_Assignment_
Pictures stay out of the copy. Retype exactly, and only, the lines from the one containing "Steelite Monaco White" through the end of the listing below.

Source material: Begin

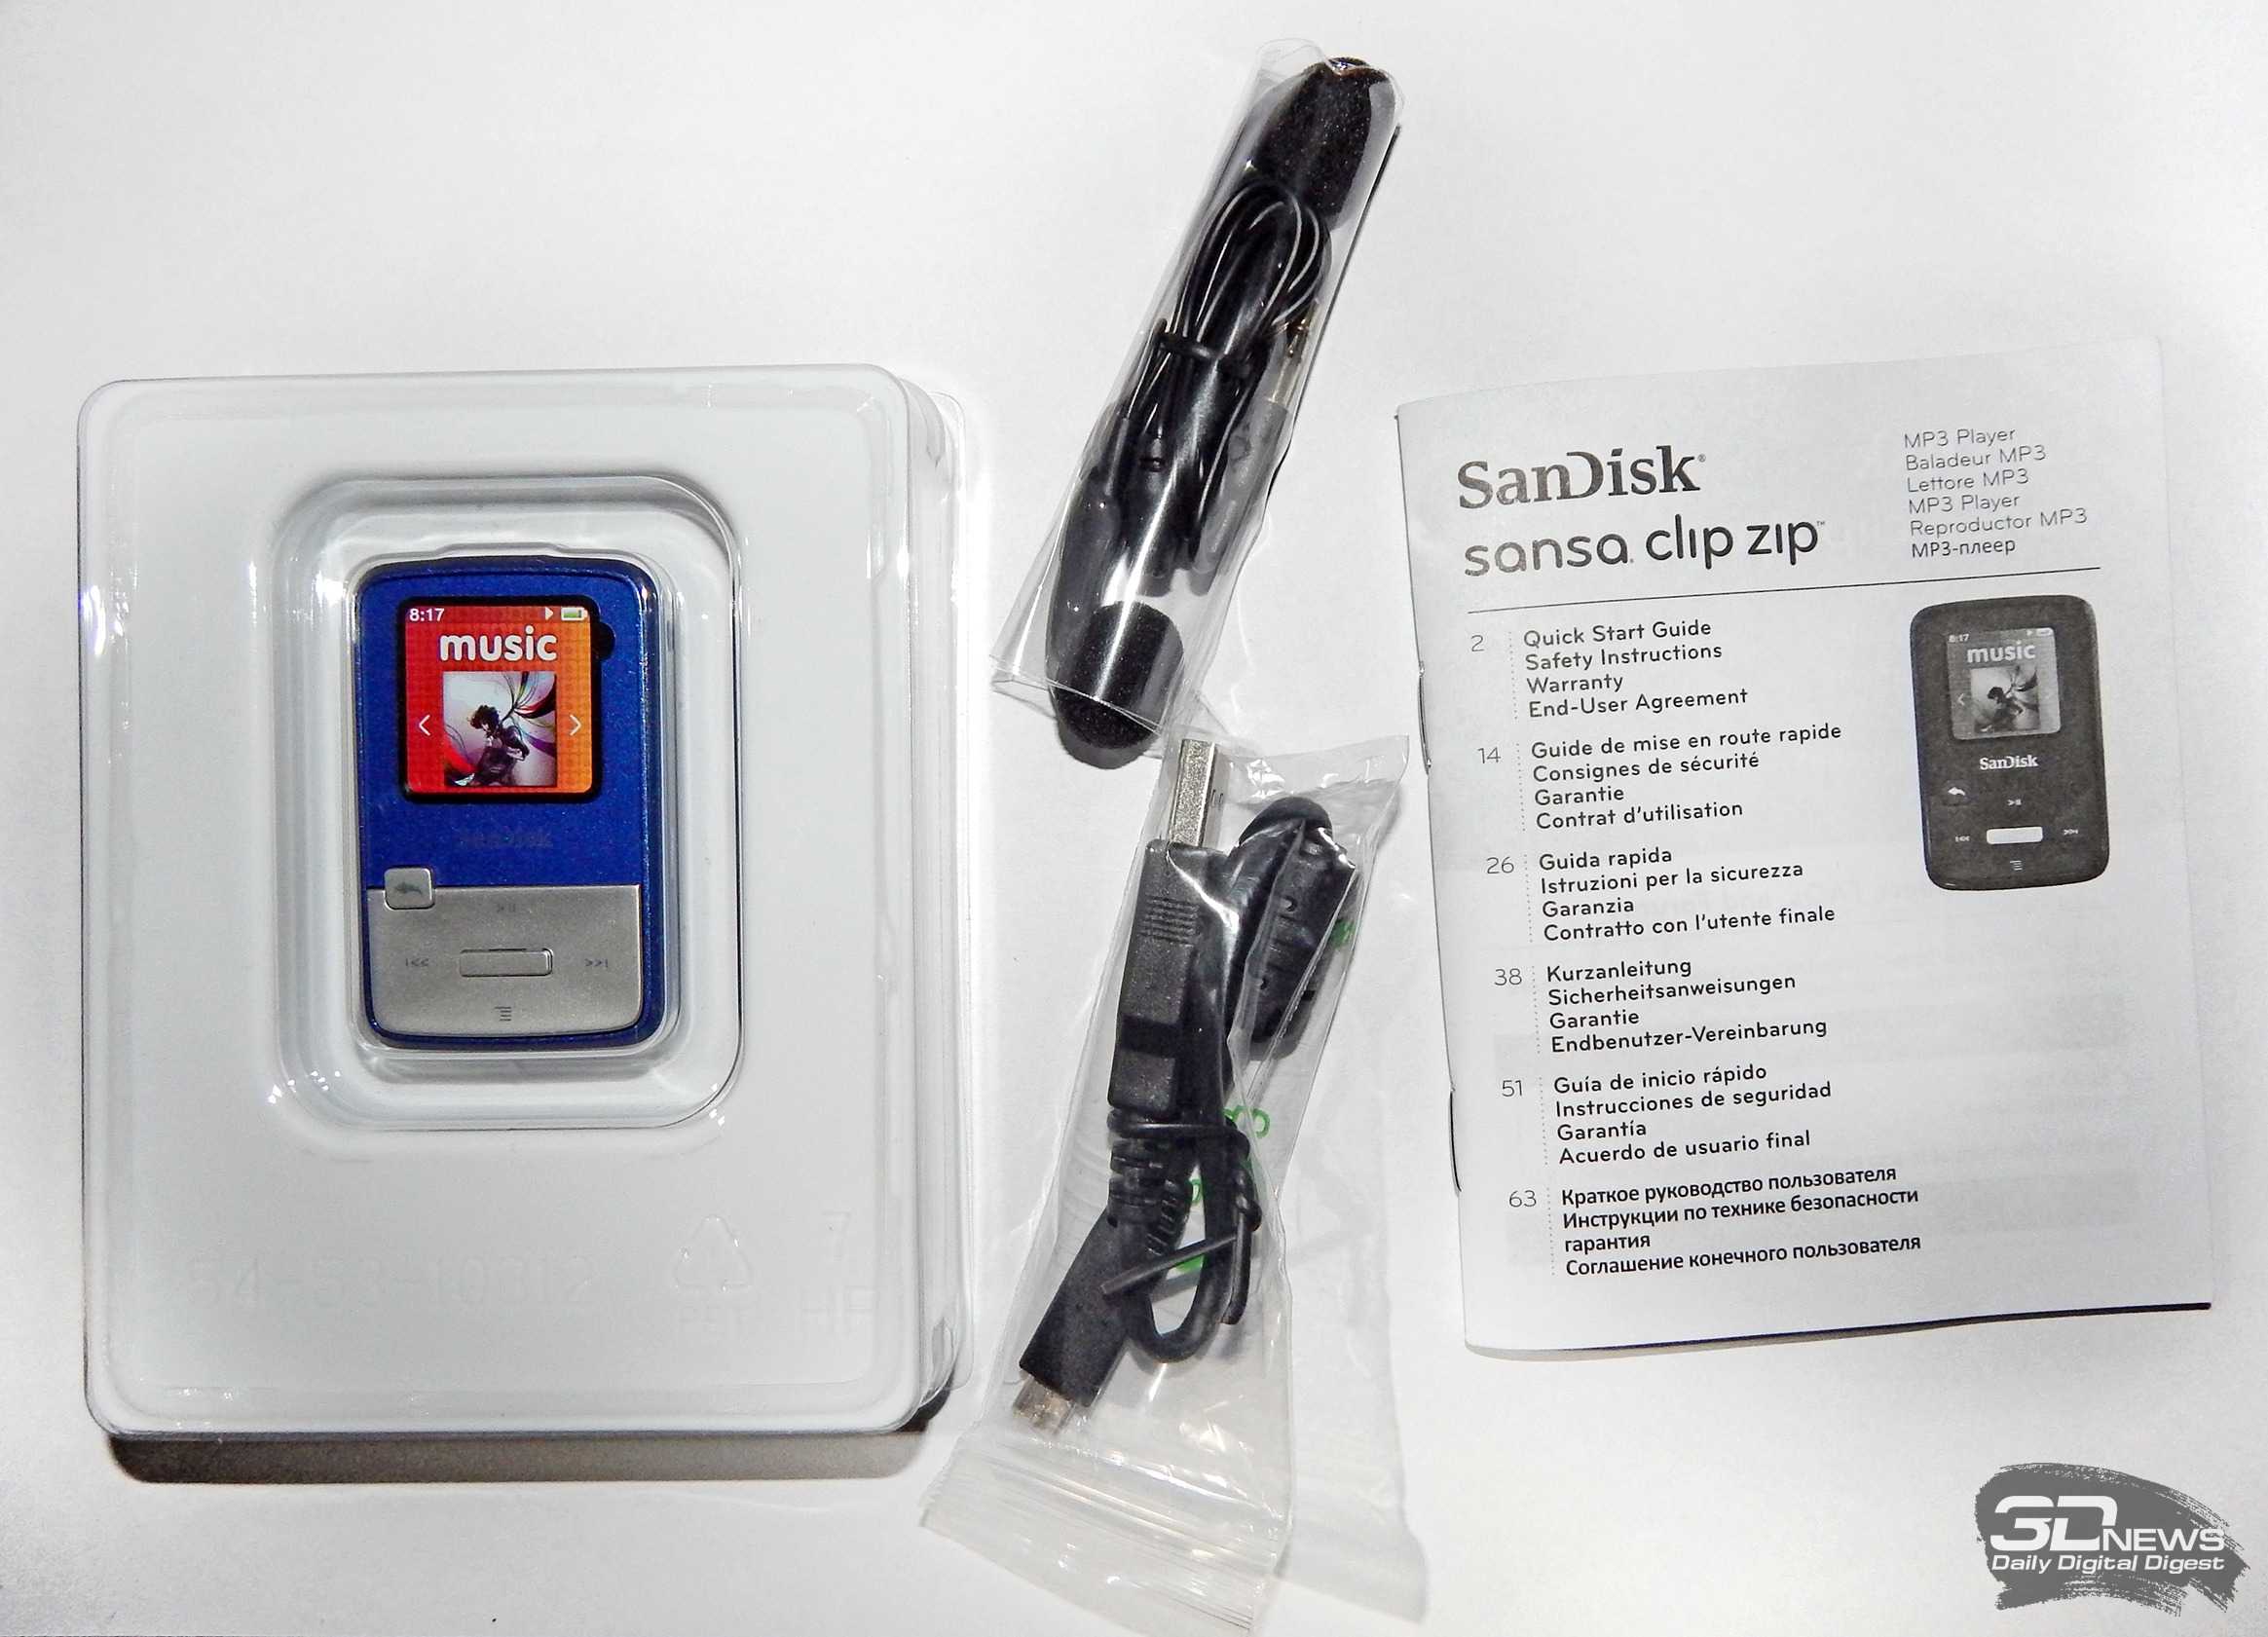 MP3-плеера SanDisk Sansa Clip Zip 4Gb - подробные характеристики обзоры видео фото Цены в интернет-магазинах где можно купить mp3-плееру SanDisk Sansa Clip Zip 4Gb
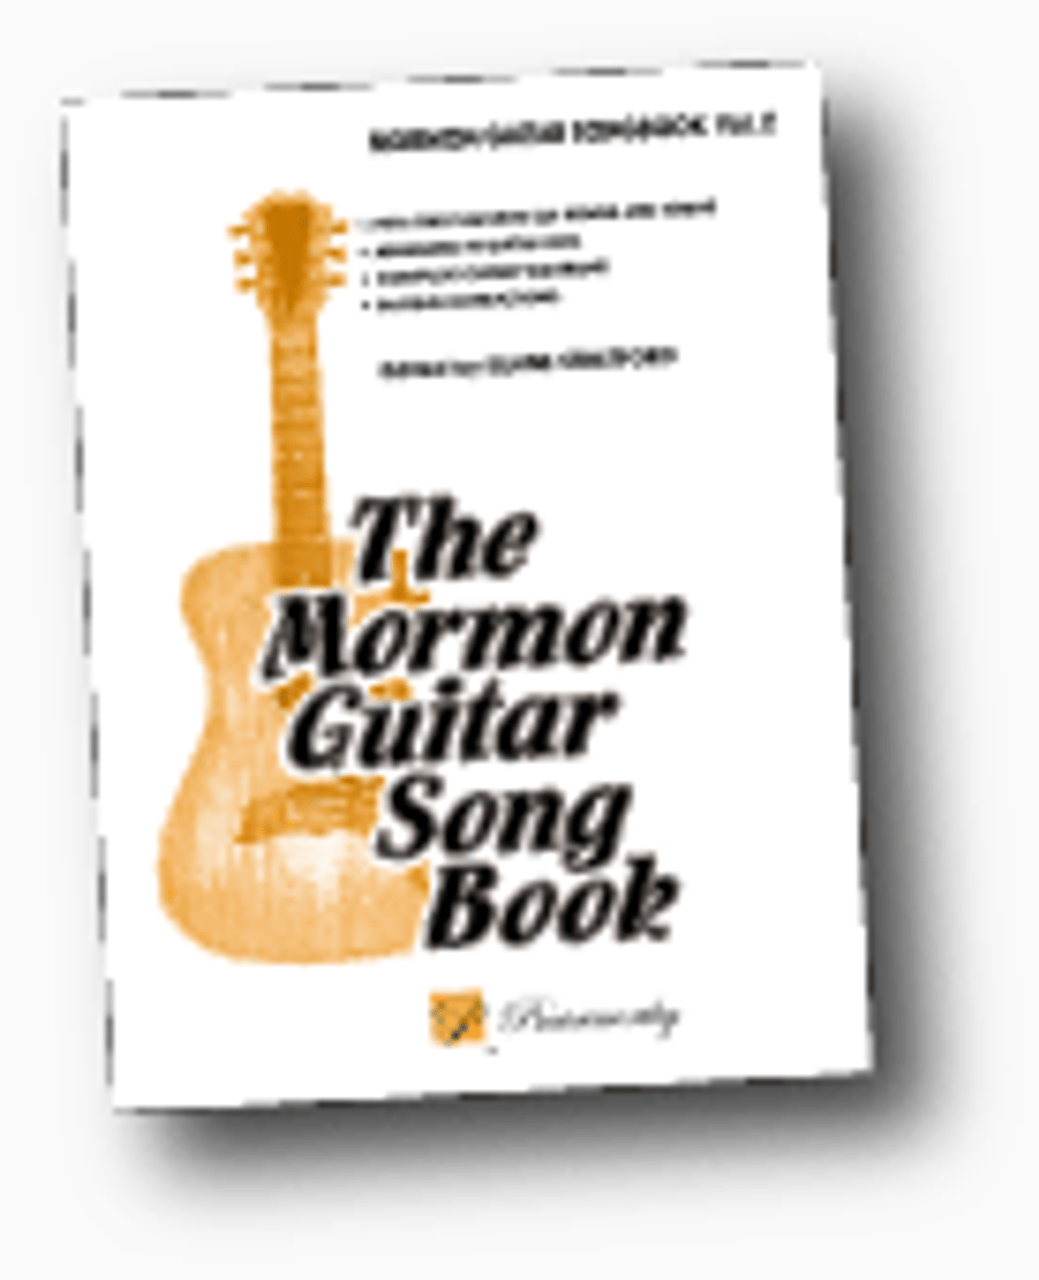 Mormon Guitar Songbook Vol 2 *
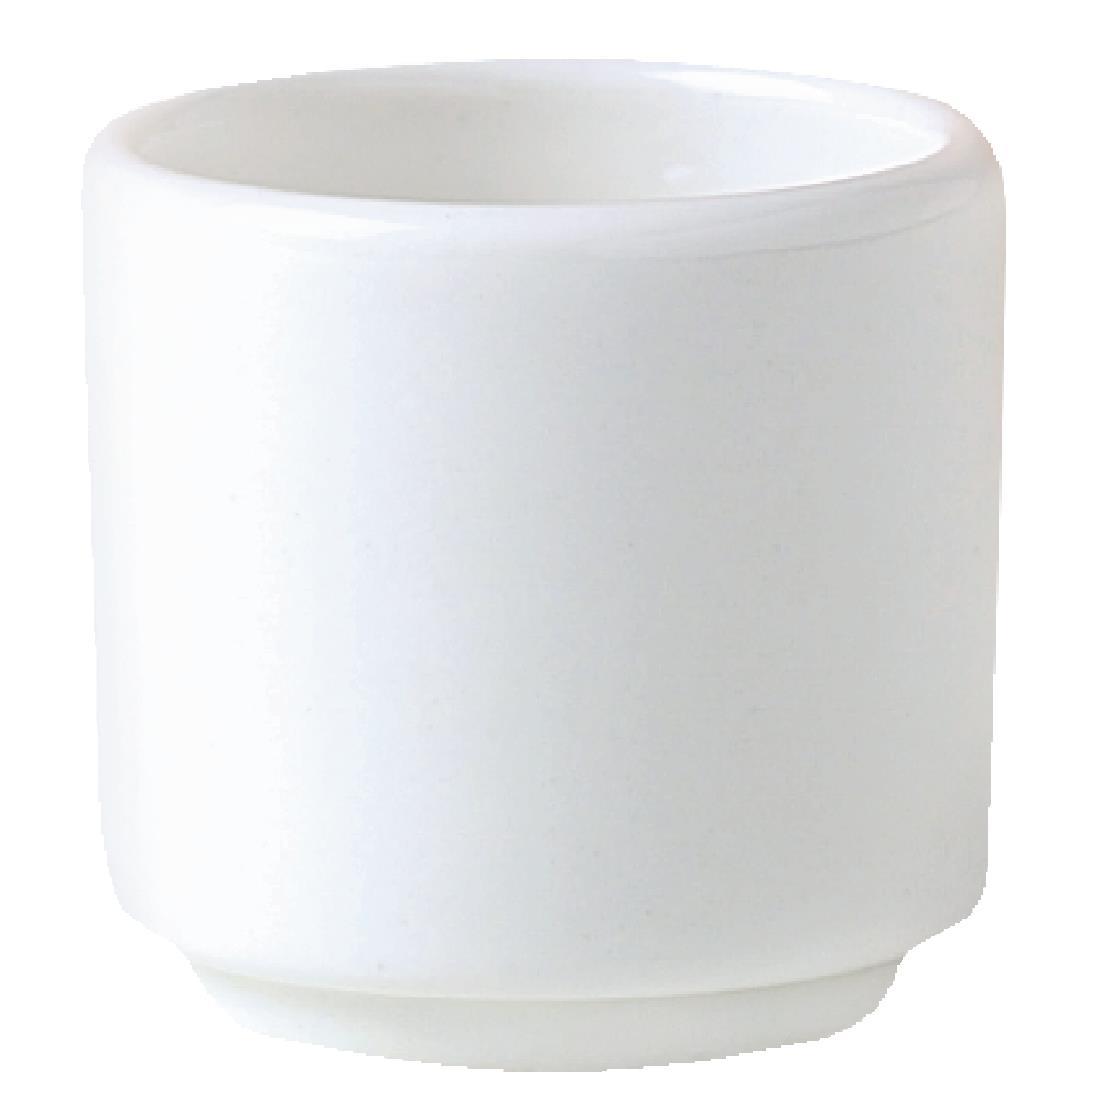 Steelite Monaco White Mandarin Egg Cups 47mm (Pack of 12) - V6821  - 1
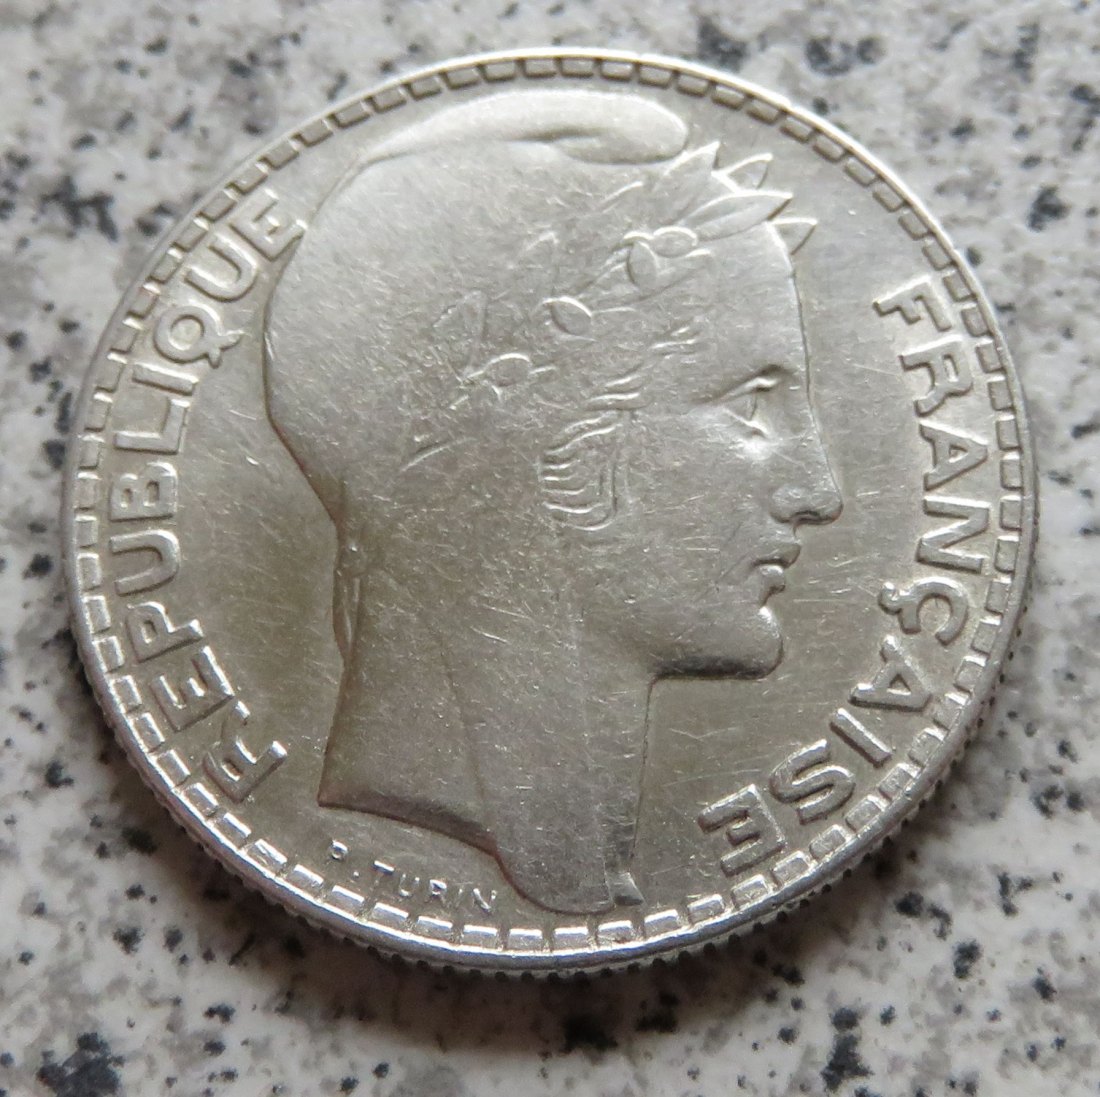  Frankreich 10 Francs 1931, Silber

Source material: End

_Exercise result_
 Steelite Monaco White Mandarin Egg Cups 47mm (Pack of 12) - V6821  - 1
  Frankreich 10 Francs 1931, Silber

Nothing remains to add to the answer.